Data extracted from a collection
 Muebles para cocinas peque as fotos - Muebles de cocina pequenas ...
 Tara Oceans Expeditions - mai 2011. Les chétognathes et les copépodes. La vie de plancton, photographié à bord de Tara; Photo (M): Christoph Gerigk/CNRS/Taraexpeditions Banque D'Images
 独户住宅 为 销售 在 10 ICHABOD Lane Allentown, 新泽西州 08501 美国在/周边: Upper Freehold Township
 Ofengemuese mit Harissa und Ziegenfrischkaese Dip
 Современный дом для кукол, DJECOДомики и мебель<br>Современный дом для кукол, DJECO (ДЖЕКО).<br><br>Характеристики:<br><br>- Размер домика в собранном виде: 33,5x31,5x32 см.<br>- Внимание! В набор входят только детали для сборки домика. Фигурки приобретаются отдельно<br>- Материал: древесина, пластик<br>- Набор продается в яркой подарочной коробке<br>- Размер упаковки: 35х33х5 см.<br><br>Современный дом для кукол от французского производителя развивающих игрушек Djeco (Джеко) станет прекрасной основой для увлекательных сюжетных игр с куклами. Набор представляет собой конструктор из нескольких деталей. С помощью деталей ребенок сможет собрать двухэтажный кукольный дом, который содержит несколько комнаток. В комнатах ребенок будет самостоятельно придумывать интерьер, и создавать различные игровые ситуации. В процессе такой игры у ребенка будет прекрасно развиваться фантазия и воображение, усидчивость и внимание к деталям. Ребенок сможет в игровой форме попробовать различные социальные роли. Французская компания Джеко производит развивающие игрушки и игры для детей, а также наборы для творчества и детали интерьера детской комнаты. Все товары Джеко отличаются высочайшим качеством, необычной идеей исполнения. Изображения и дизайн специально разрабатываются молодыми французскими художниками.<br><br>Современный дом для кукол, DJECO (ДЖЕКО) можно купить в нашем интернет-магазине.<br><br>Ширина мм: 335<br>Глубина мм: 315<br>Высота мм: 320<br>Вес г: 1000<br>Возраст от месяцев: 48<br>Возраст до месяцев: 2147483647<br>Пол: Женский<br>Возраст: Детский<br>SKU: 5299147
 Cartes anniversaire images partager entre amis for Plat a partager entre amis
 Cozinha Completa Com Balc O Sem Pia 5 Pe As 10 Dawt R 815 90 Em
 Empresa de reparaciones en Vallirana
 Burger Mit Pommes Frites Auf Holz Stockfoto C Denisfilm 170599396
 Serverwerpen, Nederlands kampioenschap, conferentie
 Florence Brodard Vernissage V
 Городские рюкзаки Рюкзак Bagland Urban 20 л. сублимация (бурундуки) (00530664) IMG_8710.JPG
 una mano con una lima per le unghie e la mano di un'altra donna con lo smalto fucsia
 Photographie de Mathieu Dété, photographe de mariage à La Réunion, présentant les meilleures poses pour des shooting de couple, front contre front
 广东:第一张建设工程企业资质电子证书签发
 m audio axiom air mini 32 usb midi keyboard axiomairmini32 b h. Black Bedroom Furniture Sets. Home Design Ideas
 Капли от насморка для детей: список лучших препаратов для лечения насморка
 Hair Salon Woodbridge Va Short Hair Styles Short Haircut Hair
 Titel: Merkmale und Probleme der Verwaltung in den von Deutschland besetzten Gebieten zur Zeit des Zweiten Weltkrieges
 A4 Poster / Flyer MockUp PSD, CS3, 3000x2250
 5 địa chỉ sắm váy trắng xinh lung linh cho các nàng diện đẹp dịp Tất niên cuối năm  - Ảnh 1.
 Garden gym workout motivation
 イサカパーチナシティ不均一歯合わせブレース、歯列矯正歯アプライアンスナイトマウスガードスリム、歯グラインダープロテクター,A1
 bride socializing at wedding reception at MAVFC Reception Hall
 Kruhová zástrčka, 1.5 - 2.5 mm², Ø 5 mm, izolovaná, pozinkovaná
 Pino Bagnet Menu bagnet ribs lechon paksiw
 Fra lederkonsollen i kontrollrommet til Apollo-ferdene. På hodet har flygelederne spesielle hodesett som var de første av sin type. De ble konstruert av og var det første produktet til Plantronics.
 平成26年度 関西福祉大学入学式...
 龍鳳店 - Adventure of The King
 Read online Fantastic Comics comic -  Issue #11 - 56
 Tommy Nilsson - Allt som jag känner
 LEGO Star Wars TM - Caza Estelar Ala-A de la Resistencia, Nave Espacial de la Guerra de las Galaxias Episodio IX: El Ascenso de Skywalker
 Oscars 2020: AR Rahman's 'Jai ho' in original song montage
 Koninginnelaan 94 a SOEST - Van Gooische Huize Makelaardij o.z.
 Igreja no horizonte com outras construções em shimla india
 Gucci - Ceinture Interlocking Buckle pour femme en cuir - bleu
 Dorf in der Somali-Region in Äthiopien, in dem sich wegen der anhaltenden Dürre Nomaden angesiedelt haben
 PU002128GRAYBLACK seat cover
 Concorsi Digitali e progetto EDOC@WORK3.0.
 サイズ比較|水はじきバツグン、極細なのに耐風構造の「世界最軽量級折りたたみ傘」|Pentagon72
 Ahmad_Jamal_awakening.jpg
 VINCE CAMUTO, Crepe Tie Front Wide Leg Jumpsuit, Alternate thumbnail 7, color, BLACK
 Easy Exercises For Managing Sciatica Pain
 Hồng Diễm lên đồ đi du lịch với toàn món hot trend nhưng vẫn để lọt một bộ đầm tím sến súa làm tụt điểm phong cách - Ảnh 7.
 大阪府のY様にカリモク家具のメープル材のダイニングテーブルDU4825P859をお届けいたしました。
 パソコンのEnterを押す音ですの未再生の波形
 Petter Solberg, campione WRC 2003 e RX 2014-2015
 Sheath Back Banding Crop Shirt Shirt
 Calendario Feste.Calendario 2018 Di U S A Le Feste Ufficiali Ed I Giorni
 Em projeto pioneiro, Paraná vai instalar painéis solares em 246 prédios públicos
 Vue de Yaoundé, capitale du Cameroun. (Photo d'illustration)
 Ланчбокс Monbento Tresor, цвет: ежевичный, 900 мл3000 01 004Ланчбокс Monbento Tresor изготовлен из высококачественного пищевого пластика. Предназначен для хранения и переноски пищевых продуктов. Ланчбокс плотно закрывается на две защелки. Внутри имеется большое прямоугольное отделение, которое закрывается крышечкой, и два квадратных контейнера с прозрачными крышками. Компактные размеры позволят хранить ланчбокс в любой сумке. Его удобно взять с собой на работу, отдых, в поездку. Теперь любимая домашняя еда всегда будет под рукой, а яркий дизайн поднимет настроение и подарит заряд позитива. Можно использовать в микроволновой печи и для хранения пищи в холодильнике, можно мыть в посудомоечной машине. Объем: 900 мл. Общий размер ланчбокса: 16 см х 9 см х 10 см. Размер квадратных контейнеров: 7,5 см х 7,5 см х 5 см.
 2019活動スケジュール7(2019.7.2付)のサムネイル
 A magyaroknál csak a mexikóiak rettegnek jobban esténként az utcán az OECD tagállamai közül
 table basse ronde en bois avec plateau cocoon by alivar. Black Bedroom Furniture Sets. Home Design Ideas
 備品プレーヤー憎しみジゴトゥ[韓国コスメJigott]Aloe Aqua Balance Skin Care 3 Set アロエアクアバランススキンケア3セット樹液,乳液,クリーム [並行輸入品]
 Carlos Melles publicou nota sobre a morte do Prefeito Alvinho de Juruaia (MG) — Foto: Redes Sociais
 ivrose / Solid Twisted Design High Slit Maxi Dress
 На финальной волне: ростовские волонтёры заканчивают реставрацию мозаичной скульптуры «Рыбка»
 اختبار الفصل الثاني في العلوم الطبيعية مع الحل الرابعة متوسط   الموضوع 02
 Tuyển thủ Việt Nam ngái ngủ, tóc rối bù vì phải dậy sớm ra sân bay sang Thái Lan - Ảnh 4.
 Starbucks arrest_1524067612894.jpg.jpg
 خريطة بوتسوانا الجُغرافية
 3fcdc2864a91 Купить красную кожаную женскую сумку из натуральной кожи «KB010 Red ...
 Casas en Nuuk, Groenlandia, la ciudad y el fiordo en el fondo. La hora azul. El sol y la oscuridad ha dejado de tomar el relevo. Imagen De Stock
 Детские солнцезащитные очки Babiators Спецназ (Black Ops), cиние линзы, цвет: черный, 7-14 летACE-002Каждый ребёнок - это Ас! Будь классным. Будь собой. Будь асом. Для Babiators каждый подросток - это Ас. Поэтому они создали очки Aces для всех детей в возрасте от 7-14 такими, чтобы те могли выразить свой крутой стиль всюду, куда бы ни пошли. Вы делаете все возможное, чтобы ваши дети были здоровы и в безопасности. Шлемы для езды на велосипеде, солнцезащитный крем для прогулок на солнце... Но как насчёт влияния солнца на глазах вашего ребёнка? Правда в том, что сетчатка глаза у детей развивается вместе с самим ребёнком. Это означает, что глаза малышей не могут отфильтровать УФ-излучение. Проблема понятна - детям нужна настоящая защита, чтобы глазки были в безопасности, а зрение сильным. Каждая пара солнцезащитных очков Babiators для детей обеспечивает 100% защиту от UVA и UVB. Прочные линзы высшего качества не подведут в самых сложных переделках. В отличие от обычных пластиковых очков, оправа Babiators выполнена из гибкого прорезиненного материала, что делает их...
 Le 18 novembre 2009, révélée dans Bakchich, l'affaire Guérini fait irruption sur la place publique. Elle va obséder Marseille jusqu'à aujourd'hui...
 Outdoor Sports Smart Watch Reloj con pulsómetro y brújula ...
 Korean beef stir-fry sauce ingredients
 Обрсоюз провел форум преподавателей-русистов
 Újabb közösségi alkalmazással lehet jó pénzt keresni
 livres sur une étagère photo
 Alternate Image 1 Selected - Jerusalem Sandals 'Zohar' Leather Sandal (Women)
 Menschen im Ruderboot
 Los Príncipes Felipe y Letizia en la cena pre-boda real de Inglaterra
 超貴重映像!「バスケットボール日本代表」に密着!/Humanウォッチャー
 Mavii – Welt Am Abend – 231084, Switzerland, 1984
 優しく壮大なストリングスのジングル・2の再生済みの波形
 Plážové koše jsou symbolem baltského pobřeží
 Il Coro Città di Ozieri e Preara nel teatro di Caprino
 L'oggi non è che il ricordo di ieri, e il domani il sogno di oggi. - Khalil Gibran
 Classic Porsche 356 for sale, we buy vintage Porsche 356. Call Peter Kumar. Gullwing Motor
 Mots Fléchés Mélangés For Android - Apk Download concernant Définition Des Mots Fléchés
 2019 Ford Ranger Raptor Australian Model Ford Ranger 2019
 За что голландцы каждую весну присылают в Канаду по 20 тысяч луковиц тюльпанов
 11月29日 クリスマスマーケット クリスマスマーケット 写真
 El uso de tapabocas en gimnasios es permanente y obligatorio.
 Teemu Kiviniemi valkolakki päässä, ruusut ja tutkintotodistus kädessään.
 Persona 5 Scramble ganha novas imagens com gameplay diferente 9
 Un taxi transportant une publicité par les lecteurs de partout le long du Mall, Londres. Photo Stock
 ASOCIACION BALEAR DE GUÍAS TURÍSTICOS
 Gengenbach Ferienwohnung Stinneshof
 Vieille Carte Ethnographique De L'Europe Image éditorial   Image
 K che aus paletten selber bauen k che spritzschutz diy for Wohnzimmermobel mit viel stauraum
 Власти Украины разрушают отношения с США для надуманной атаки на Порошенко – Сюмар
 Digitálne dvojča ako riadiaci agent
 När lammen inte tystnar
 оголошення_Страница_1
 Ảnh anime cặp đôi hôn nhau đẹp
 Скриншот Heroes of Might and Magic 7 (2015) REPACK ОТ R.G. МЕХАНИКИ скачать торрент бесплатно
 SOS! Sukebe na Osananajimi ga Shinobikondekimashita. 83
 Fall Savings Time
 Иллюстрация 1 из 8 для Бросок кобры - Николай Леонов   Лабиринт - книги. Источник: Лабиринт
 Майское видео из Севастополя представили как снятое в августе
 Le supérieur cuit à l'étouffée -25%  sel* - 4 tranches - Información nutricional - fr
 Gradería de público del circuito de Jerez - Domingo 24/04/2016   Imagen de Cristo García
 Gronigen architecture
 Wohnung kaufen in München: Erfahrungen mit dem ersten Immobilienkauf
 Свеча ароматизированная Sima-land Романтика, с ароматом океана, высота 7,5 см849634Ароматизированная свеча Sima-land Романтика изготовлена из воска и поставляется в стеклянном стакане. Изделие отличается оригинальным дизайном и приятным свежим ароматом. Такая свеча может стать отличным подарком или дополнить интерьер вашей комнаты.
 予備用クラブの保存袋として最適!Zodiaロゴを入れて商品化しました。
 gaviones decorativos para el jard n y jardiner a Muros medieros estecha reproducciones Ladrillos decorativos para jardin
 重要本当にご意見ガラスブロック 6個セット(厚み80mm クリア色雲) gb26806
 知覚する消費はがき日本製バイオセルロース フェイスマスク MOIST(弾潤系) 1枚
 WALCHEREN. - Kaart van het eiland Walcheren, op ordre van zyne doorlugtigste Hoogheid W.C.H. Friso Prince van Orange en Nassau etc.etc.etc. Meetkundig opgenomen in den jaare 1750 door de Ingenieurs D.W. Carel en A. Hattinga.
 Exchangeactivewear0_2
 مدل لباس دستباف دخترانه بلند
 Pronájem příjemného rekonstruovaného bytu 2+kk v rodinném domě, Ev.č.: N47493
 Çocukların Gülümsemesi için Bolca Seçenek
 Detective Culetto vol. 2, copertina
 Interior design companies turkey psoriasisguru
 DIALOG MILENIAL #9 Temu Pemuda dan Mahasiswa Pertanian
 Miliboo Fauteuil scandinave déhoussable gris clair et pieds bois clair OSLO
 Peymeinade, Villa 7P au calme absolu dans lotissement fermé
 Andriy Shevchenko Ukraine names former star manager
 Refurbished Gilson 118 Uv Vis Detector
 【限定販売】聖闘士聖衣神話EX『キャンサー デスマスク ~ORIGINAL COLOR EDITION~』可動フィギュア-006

#### REQUIREMENT
Every line above from the line with "Menschen im Ruderboot" to the line with "K che aus paletten", inclusive, must be returned exactly; no other line belongs in the reply.

#### OUTPUT BELOW
 Menschen im Ruderboot
 Los Príncipes Felipe y Letizia en la cena pre-boda real de Inglaterra
 超貴重映像!「バスケットボール日本代表」に密着!/Humanウォッチャー
 Mavii – Welt Am Abend – 231084, Switzerland, 1984
 優しく壮大なストリングスのジングル・2の再生済みの波形
 Plážové koše jsou symbolem baltského pobřeží
 Il Coro Città di Ozieri e Preara nel teatro di Caprino
 L'oggi non è che il ricordo di ieri, e il domani il sogno di oggi. - Khalil Gibran
 Classic Porsche 356 for sale, we buy vintage Porsche 356. Call Peter Kumar. Gullwing Motor
 Mots Fléchés Mélangés For Android - Apk Download concernant Définition Des Mots Fléchés
 2019 Ford Ranger Raptor Australian Model Ford Ranger 2019
 За что голландцы каждую весну присылают в Канаду по 20 тысяч луковиц тюльпанов
 11月29日 クリスマスマーケット クリスマスマーケット 写真
 El uso de tapabocas en gimnasios es permanente y obligatorio.
 Teemu Kiviniemi valkolakki päässä, ruusut ja tutkintotodistus kädessään.
 Persona 5 Scramble ganha novas imagens com gameplay diferente 9
 Un taxi transportant une publicité par les lecteurs de partout le long du Mall, Londres. Photo Stock
 ASOCIACION BALEAR DE GUÍAS TURÍSTICOS
 Gengenbach Ferienwohnung Stinneshof
 Vieille Carte Ethnographique De L'Europe Image éditorial   Image
 K che aus paletten selber bauen k che spritzschutz diy for Wohnzimmermobel mit viel stauraum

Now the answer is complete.